Holborn’s hardiest headed down to Weymouth for the season starter – the bow section of the Black Hawk, a 7,000 ton American liberty ship torpedoed in 1944 with a maximum depth of 16 meters.
Under leaden skies we embarked from Castletown and headed the 10 miles to the site of the wreck. The seas were slight, and even with a chilly, northerly wind spirits were high.
Surprisingly, there were three dive boats already on the site when we arrived – an impressive show of like-mindedness by the local charter boat skippers.
A pre-dive hot chocolate warmed the fingers before the cold, wet stuff began. The water temperature was a positively un-tropical 5˚C, a firm reminder that the dive season had officially begun.

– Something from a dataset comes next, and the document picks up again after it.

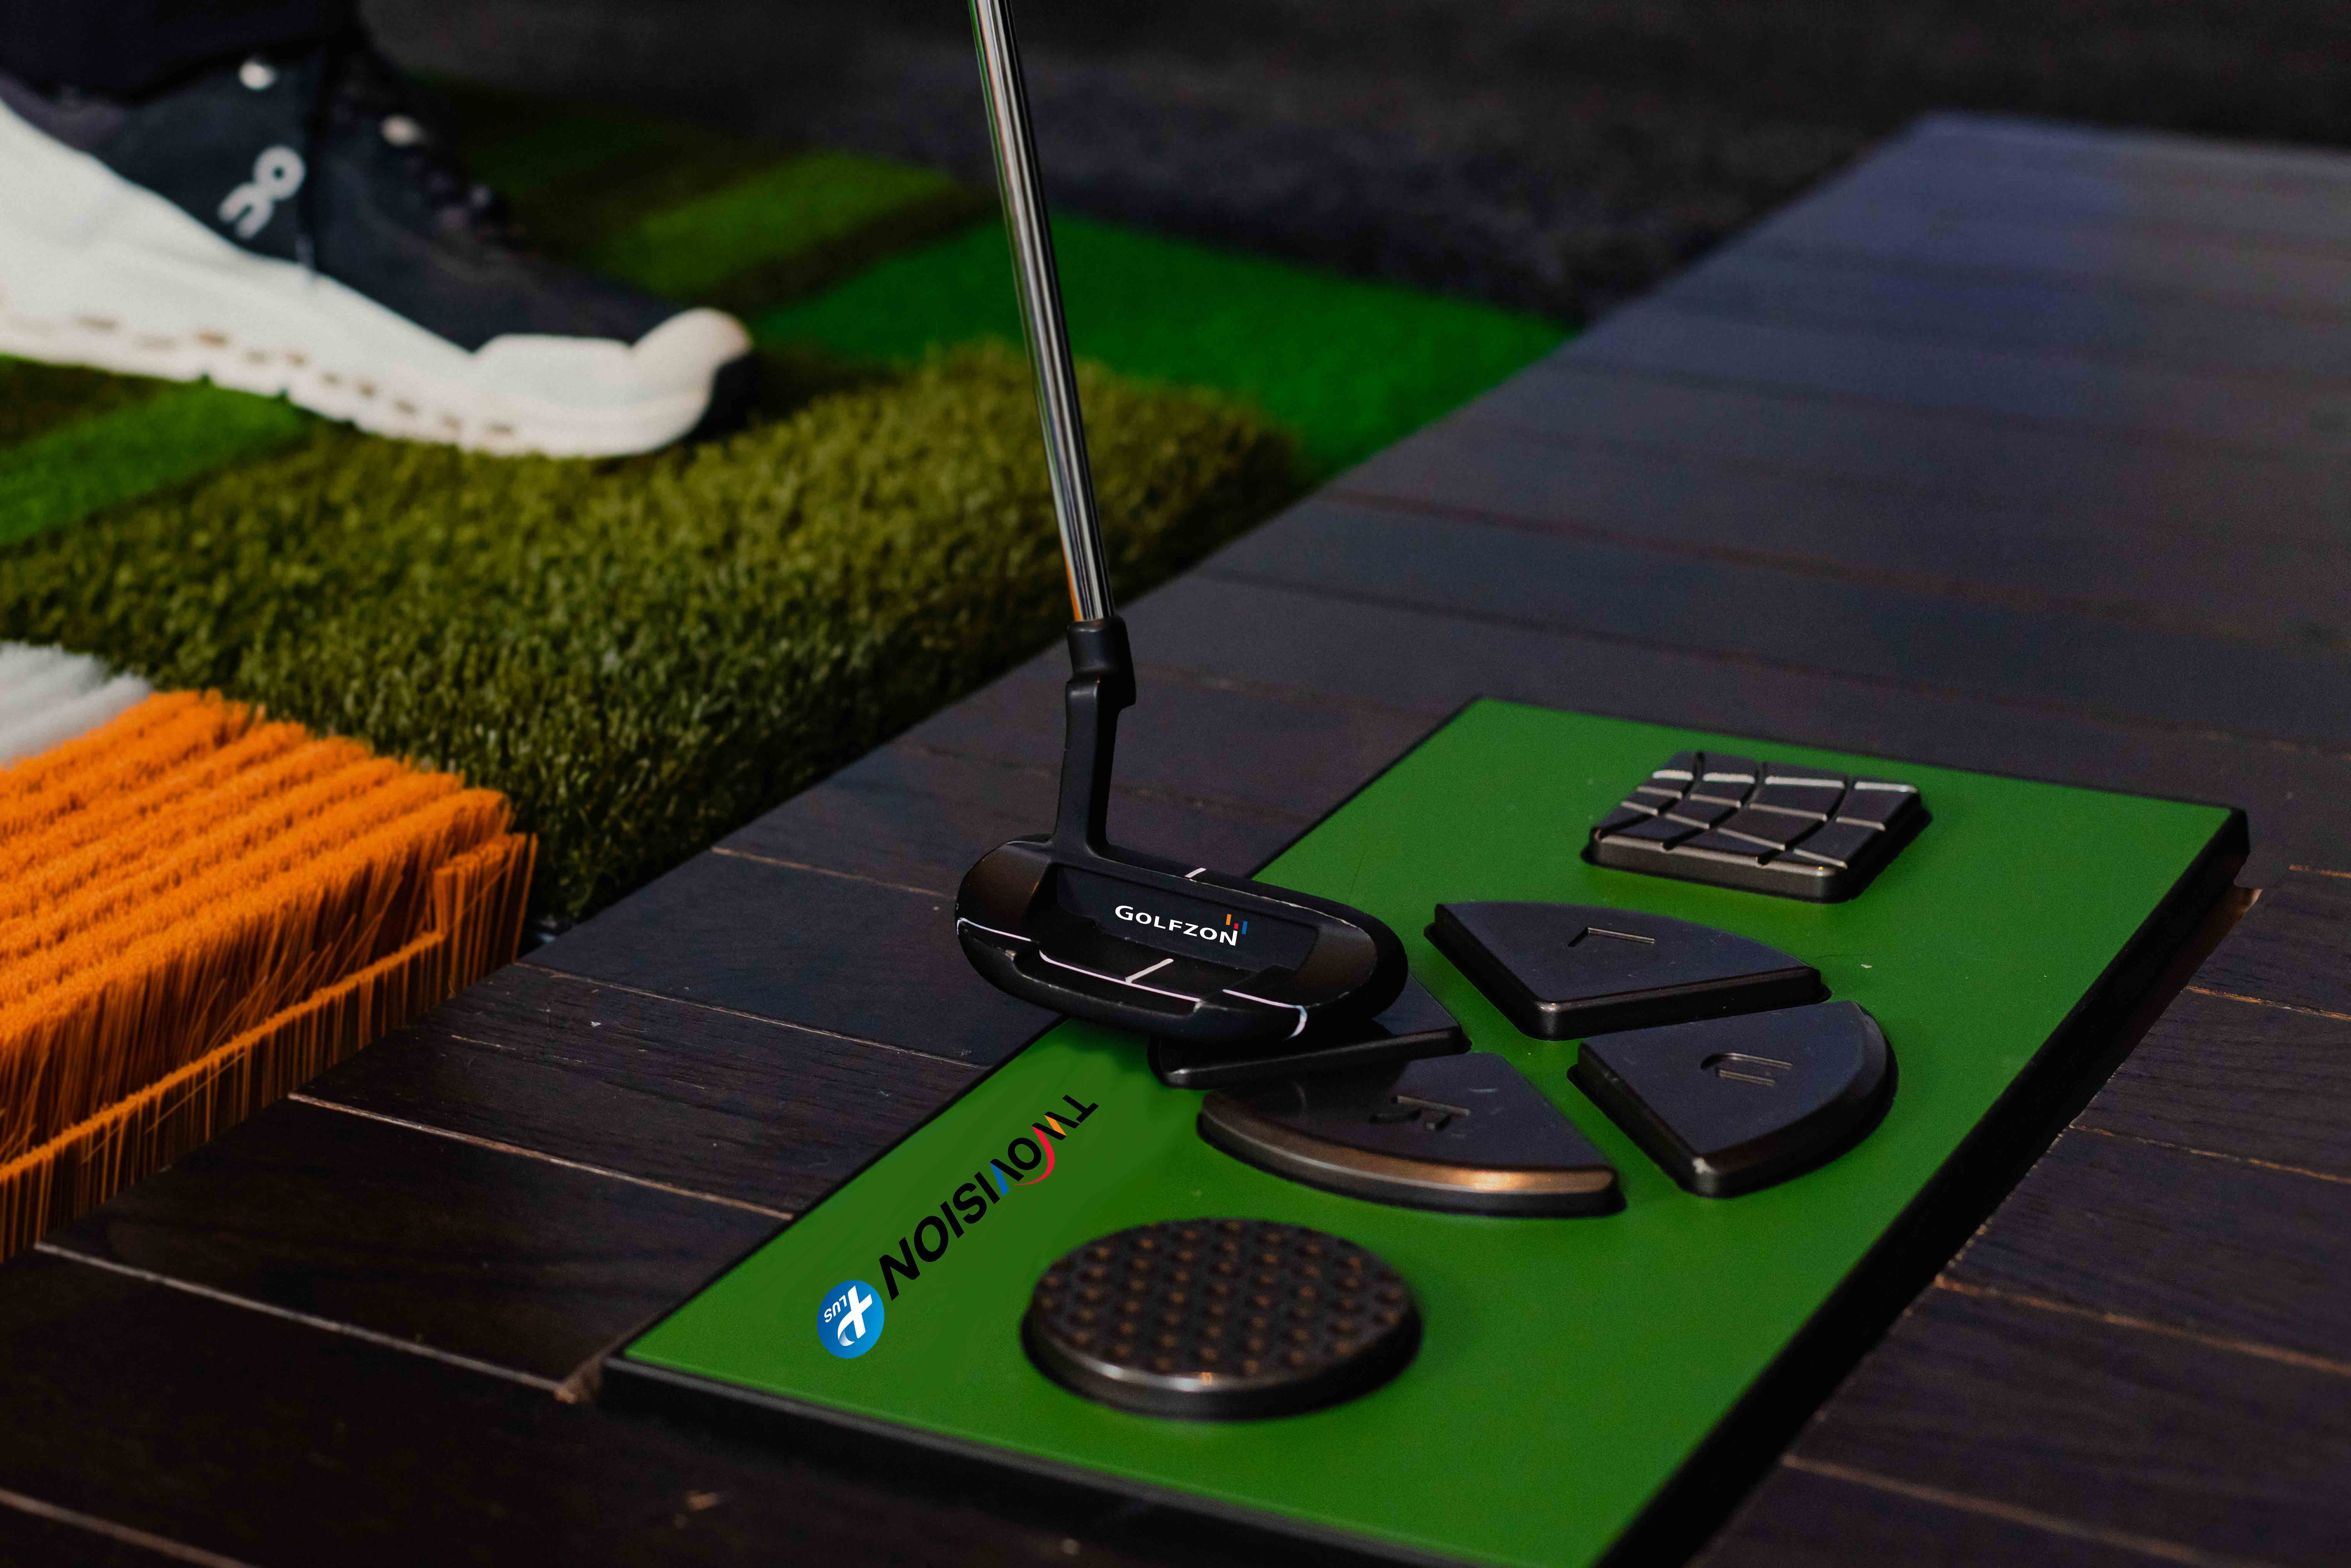 Golfzon's TwoVision Controller
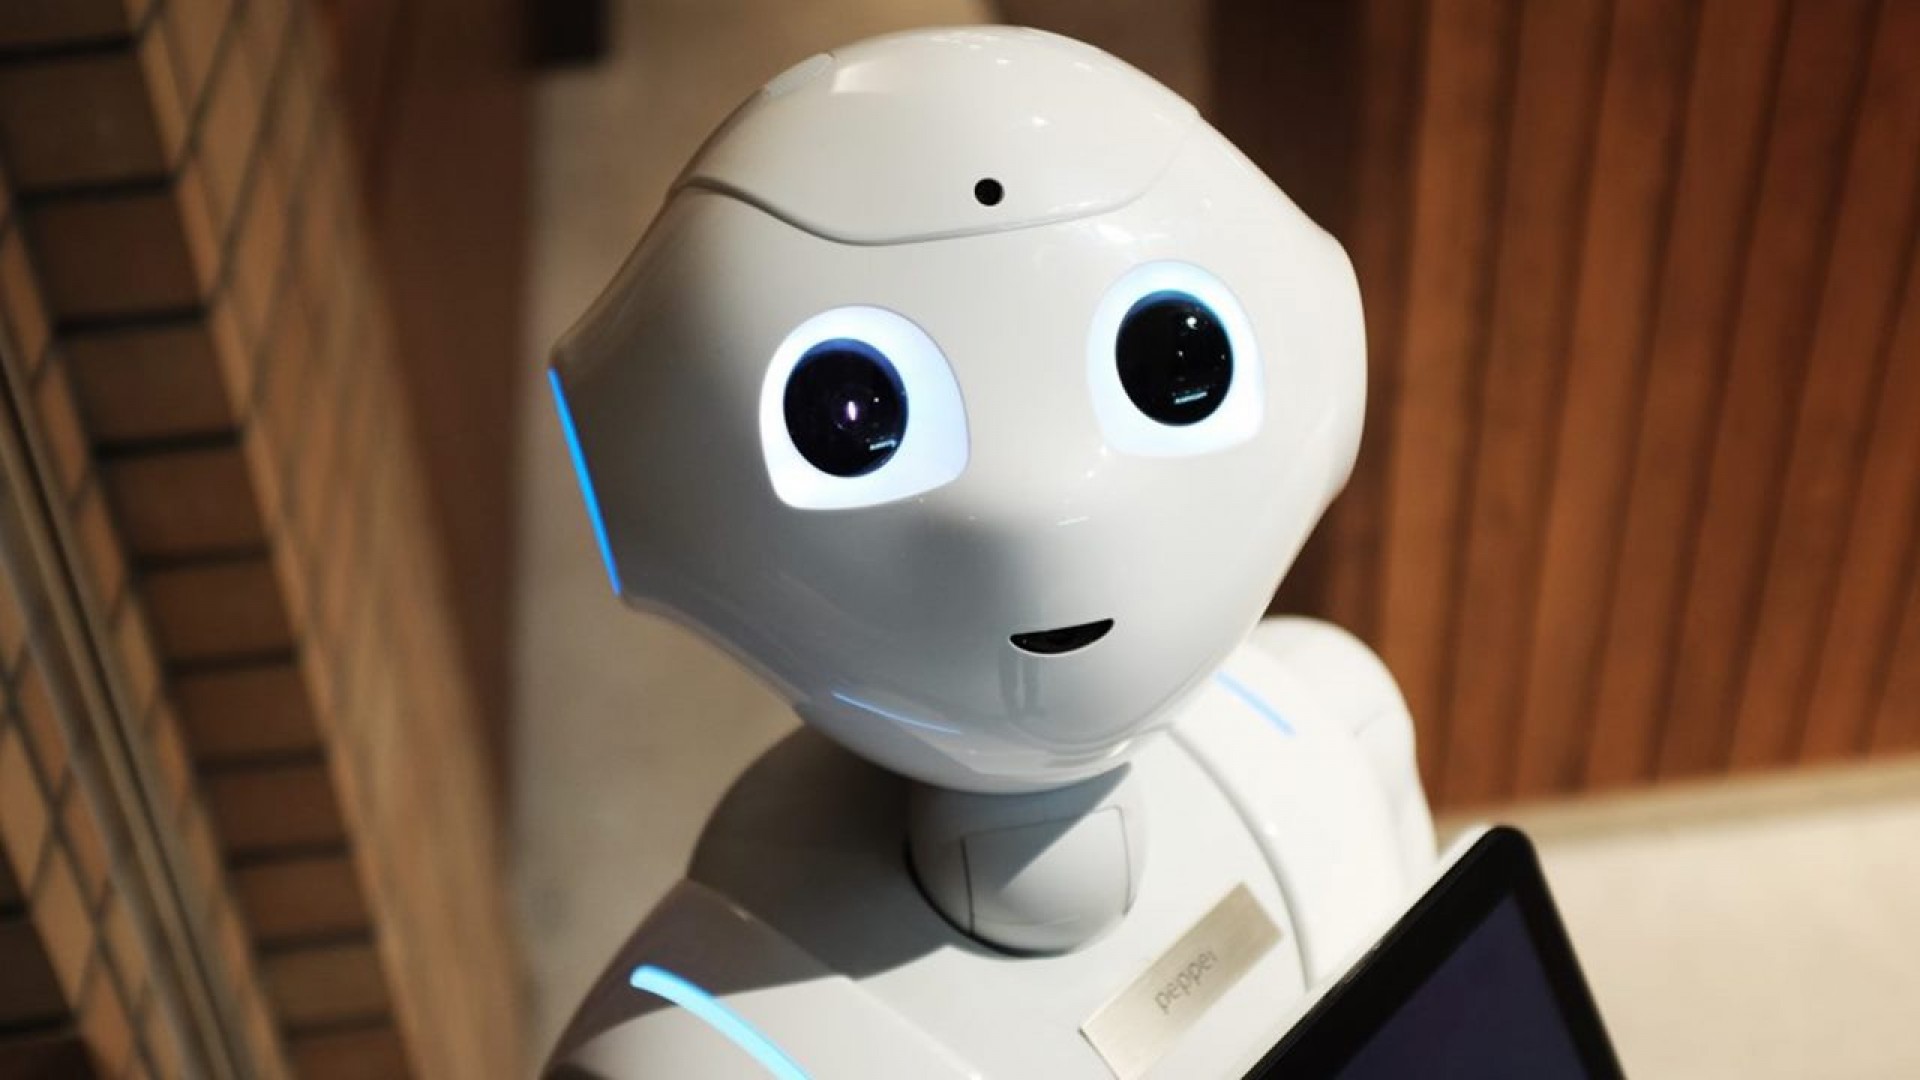 Tuyển sinh 2019: Mở thêm nhiều ngành mới từ Robot, Trí tuệ nhân tạo đến Kinh doanh số

Visibility was rather poor at around 2-3 meters. The wreck itself is very badly broken up – a combination of a) being hit by a torpedo b) being blown up in 1967 to make way for a pipeline.
With the lack of vis. and the fragmented nature of the wreck it was difficult work out which bits of the ship you were looking at.
Amongst the twisted metal, there were various recognisable parts of the ships structure but on the on whole it was difficult to make out.
It was a very poor show from our fishy friends: a couple of crabs (a common crab and a spider crab) and a sluggish tiddler of unknown species (to me anyway).
We returned to the RIB after a pleasant but wintery 40mins.
The merry faces of the rest of the Holborn crew were already back on the boat looking distinctly less-warm than they had prior to the dive.
Talk of a second dive was quickly superseded by talk of warm fire places and local ales.